TL;DR
This paper introduces a new primal-dual method for rotation averaging that converges globally and provides the first closed-form solution for cycle graphs, significantly improving accuracy and efficiency in geometric reconstruction.
Contribution
It presents a novel initialization-free primal-dual algorithm and derives the first optimal closed-form solution for rotation averaging in cycle graphs.
Findings
The primal-dual method empirically converges to the global optimum.
The closed-form solution outperforms existing methods in accuracy.

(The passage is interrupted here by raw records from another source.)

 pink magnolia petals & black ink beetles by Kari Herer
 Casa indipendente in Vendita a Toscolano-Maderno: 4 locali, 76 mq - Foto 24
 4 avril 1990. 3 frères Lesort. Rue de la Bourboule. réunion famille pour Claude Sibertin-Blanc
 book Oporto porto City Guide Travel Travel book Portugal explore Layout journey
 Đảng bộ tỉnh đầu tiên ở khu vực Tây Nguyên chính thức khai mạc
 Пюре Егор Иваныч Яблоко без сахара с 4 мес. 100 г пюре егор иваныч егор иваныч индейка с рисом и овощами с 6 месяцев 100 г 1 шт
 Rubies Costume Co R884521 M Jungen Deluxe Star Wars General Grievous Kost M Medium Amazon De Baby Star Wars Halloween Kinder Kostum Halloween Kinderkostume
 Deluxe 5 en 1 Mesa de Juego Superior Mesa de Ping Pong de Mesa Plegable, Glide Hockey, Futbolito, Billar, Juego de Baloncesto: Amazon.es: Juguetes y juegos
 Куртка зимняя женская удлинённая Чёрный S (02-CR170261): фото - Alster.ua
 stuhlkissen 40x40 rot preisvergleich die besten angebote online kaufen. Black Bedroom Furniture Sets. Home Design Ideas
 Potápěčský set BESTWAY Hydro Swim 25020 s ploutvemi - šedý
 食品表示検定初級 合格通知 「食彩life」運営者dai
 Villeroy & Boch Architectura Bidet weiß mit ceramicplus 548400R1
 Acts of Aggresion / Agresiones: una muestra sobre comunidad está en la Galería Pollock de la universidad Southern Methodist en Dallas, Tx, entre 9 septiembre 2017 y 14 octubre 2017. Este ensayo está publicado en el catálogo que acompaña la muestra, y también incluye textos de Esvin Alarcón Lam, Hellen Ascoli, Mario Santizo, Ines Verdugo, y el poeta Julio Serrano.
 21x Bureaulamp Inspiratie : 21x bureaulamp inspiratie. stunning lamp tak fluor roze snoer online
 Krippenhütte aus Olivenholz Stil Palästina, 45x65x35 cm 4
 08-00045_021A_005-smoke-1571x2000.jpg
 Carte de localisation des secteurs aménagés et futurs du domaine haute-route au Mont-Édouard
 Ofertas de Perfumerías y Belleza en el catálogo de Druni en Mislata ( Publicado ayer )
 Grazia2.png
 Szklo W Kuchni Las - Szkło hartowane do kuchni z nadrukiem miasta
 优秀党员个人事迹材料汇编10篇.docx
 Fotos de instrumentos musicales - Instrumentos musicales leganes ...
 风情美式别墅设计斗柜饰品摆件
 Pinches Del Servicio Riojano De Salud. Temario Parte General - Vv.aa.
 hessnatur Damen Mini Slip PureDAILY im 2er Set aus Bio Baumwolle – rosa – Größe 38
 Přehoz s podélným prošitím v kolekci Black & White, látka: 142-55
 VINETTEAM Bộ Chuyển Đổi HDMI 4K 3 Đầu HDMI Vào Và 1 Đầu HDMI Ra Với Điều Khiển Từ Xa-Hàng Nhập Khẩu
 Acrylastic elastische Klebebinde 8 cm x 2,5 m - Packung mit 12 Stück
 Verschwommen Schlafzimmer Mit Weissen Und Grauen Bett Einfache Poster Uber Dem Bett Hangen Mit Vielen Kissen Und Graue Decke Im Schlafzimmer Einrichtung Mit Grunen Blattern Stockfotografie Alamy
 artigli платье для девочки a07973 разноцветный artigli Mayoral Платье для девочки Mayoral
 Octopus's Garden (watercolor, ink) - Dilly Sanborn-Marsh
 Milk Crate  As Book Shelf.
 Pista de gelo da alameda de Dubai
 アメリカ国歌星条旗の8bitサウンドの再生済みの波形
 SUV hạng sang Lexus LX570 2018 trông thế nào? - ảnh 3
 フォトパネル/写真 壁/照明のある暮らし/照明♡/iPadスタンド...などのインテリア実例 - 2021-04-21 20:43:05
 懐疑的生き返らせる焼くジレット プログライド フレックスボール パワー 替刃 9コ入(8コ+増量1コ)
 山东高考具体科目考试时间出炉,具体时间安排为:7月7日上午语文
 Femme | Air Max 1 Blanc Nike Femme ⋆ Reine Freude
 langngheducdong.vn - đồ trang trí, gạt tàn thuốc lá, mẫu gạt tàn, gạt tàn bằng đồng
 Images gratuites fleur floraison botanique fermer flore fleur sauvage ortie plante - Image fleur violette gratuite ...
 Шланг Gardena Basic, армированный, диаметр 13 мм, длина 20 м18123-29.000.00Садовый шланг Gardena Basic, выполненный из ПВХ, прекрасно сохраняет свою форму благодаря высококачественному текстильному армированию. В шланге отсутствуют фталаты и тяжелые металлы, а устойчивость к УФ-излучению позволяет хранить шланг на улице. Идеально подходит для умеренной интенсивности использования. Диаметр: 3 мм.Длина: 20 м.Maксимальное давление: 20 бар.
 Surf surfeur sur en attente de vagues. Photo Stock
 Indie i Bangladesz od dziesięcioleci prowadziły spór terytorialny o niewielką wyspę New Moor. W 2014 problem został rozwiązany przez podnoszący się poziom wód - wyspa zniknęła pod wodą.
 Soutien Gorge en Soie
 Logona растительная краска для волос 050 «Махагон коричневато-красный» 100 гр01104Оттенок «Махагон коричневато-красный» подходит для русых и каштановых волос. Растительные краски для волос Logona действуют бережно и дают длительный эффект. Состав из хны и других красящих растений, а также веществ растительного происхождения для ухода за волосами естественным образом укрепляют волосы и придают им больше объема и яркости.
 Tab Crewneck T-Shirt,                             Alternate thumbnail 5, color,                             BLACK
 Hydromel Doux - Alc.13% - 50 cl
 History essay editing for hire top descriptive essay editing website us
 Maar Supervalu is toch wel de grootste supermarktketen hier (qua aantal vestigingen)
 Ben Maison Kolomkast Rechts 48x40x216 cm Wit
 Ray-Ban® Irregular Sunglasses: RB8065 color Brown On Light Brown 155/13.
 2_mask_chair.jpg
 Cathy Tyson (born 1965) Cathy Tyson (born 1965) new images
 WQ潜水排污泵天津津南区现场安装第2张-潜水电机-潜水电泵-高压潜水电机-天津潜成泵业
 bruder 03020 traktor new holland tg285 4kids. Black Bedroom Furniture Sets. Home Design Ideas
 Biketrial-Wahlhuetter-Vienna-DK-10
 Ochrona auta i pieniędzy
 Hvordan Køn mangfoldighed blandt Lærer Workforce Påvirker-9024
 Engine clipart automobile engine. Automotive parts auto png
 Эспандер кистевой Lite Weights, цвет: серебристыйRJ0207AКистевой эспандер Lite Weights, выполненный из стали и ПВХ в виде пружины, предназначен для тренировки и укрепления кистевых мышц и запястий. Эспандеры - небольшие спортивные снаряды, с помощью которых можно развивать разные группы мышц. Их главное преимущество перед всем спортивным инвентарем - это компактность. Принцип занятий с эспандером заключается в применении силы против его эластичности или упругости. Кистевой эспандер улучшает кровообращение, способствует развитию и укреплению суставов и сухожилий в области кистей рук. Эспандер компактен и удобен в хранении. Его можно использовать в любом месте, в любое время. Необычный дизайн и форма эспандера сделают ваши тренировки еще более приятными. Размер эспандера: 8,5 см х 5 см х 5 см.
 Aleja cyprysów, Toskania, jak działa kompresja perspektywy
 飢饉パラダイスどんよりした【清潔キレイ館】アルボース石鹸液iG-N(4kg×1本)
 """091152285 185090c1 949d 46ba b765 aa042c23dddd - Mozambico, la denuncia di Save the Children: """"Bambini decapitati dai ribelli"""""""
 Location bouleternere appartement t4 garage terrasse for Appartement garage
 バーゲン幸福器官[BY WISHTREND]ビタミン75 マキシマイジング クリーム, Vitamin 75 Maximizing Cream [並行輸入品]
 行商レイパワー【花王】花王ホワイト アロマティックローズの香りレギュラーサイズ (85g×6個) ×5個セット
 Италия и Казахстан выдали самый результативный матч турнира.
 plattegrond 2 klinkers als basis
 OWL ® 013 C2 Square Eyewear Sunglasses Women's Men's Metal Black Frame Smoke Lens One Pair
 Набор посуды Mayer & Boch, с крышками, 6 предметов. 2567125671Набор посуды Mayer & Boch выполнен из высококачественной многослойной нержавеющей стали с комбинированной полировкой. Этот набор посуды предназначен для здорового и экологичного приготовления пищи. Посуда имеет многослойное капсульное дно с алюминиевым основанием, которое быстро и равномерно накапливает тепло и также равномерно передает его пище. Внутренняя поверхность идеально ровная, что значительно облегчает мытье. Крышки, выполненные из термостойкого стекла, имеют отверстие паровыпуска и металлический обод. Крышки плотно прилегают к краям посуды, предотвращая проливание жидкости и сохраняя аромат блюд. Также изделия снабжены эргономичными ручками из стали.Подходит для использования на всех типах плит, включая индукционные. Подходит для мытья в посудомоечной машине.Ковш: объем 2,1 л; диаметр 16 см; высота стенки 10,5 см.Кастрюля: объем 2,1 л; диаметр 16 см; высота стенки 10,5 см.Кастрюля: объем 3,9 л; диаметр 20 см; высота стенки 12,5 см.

Methods achieve significant gains in precision and computational performance.
Abstract
A cornerstone of geometric reconstruction, rotation averaging seeks the set of absolute rotations that optimally explains a set of measured relative orientations between them. In spite of being an integral part of bundle adjustment and structure-from-motion, averaging rotations is both a non-convex and high-dimensional optimization problem. In this paper, we address it from a maximum likelihood estimation standpoint and make a twofold contribution. Firstly, we set forth a novel initialization-free primal-dual method which we show empirically to converge to the global optimum. Further, we derive what is to our knowledge, the first optimal closed-form solution for rotation averaging in cycle graphs and contextualize this result within spectral graph theory. Our proposed methods achieve a significant gain both in precision and performance.